- [Requirement]
The whole listing below must be printed again exactly, images excluded.

- [Supplied material]
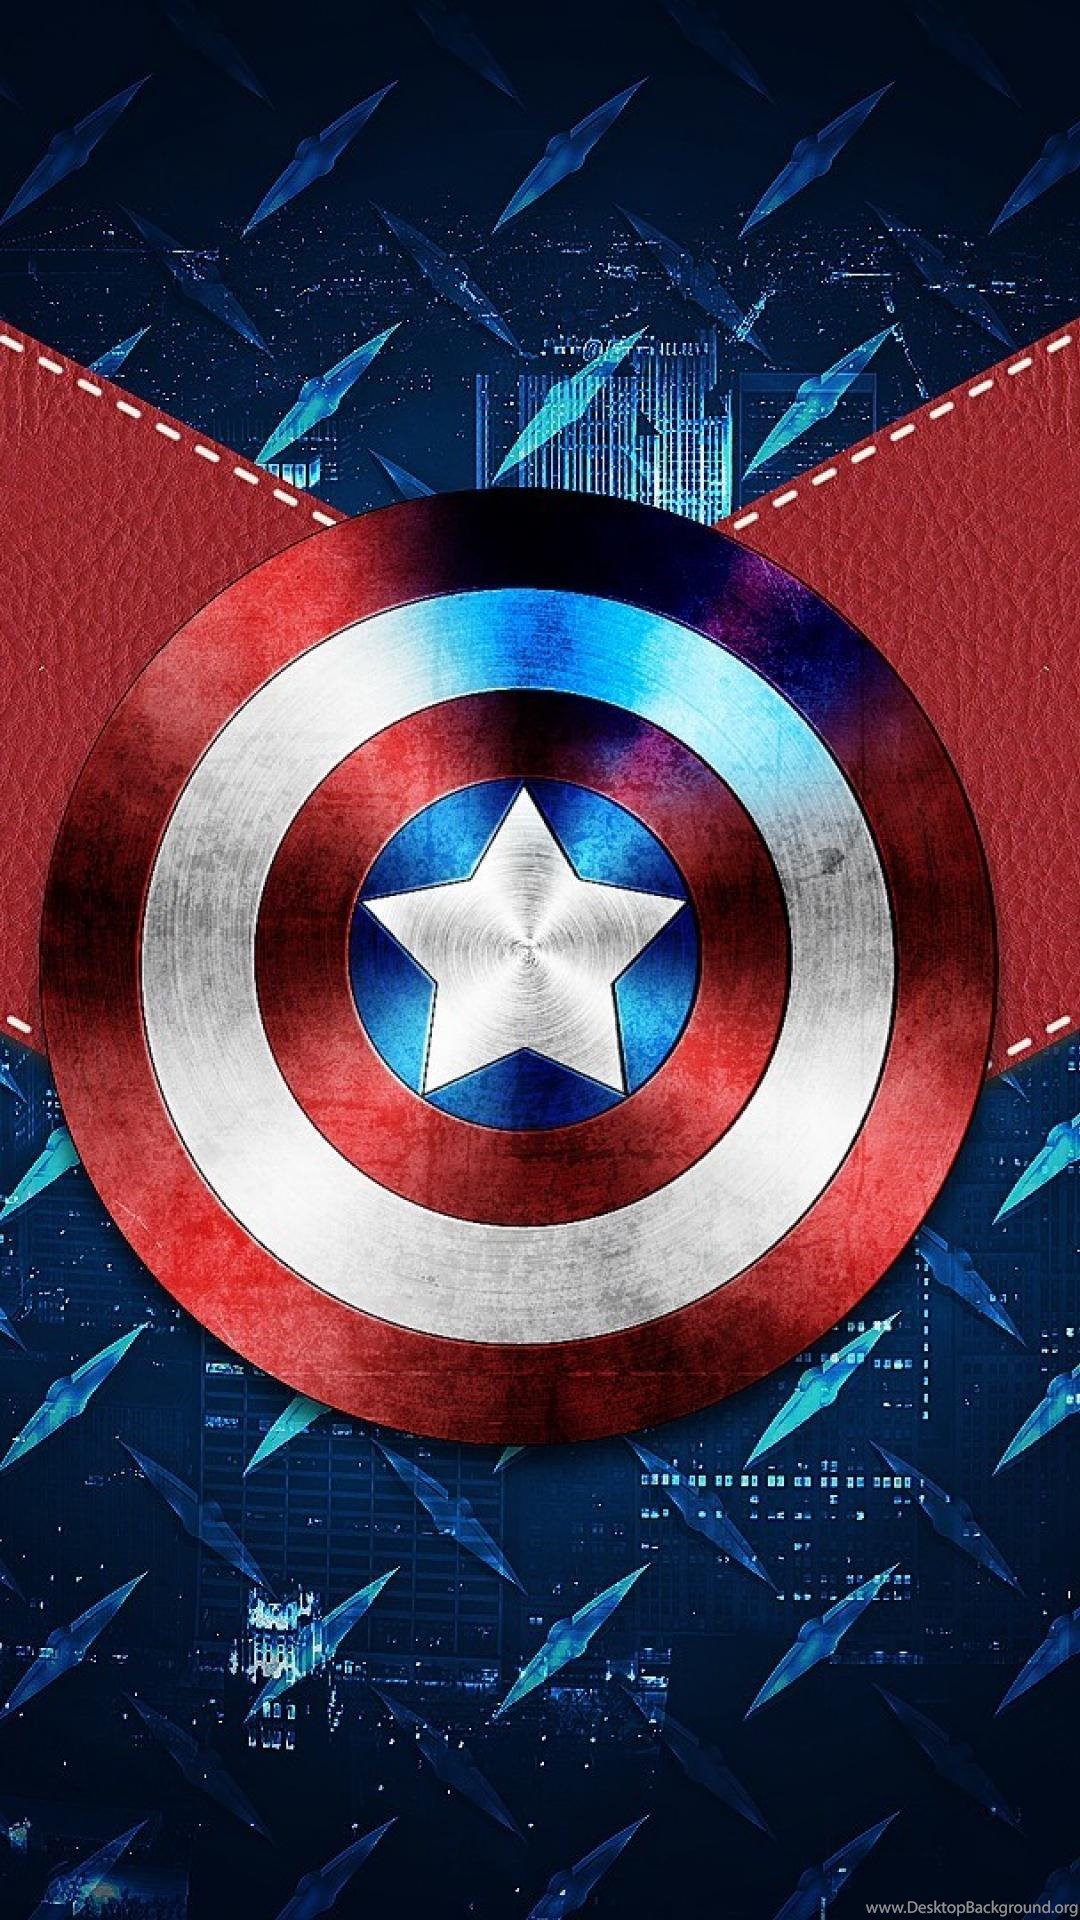 Descarga Capitan America: El Soldado De invierno 2014
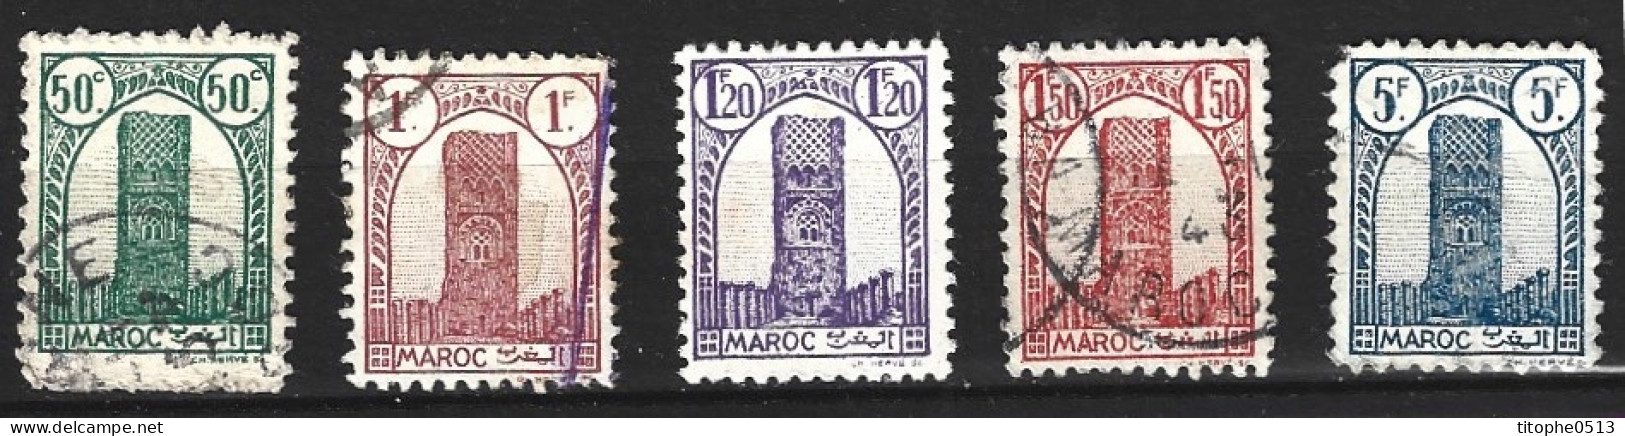 MAROC. Timbres Oblitérés De 1943-4. Tour Hassan. - Usados
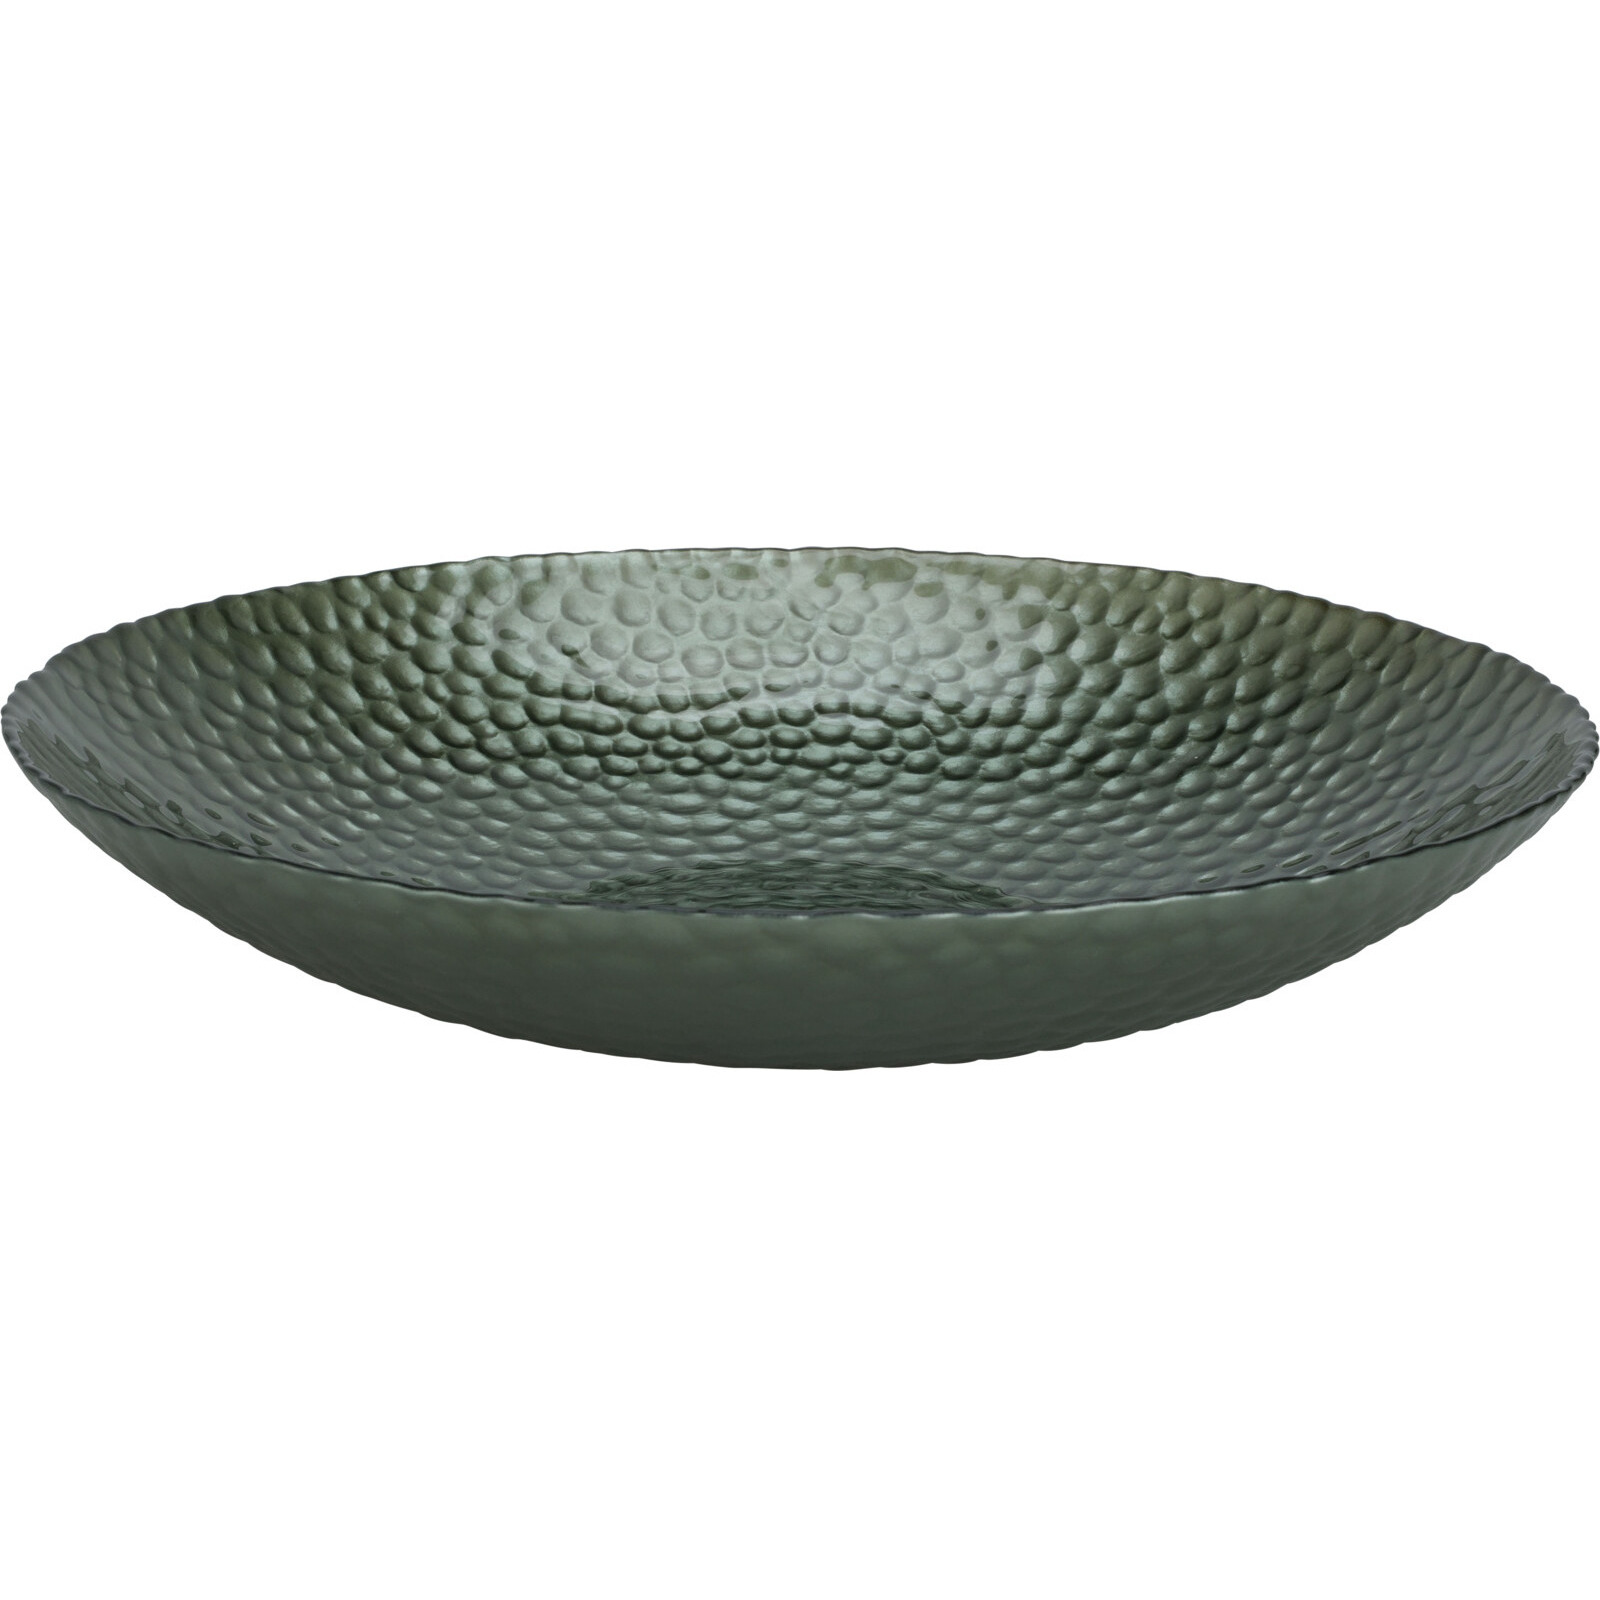 Merkloos Glazen decoratie schaal/fruitschaal groen rond D30 x H6 cm -

- [Completed exercise]
 Descarga Capitan America: El Soldado De invierno 2014
 MAROC. Timbres Oblitérés De 1943-4. Tour Hassan. - Usados
 Merkloos Glazen decoratie schaal/fruitschaal groen rond D30 x H6 cm -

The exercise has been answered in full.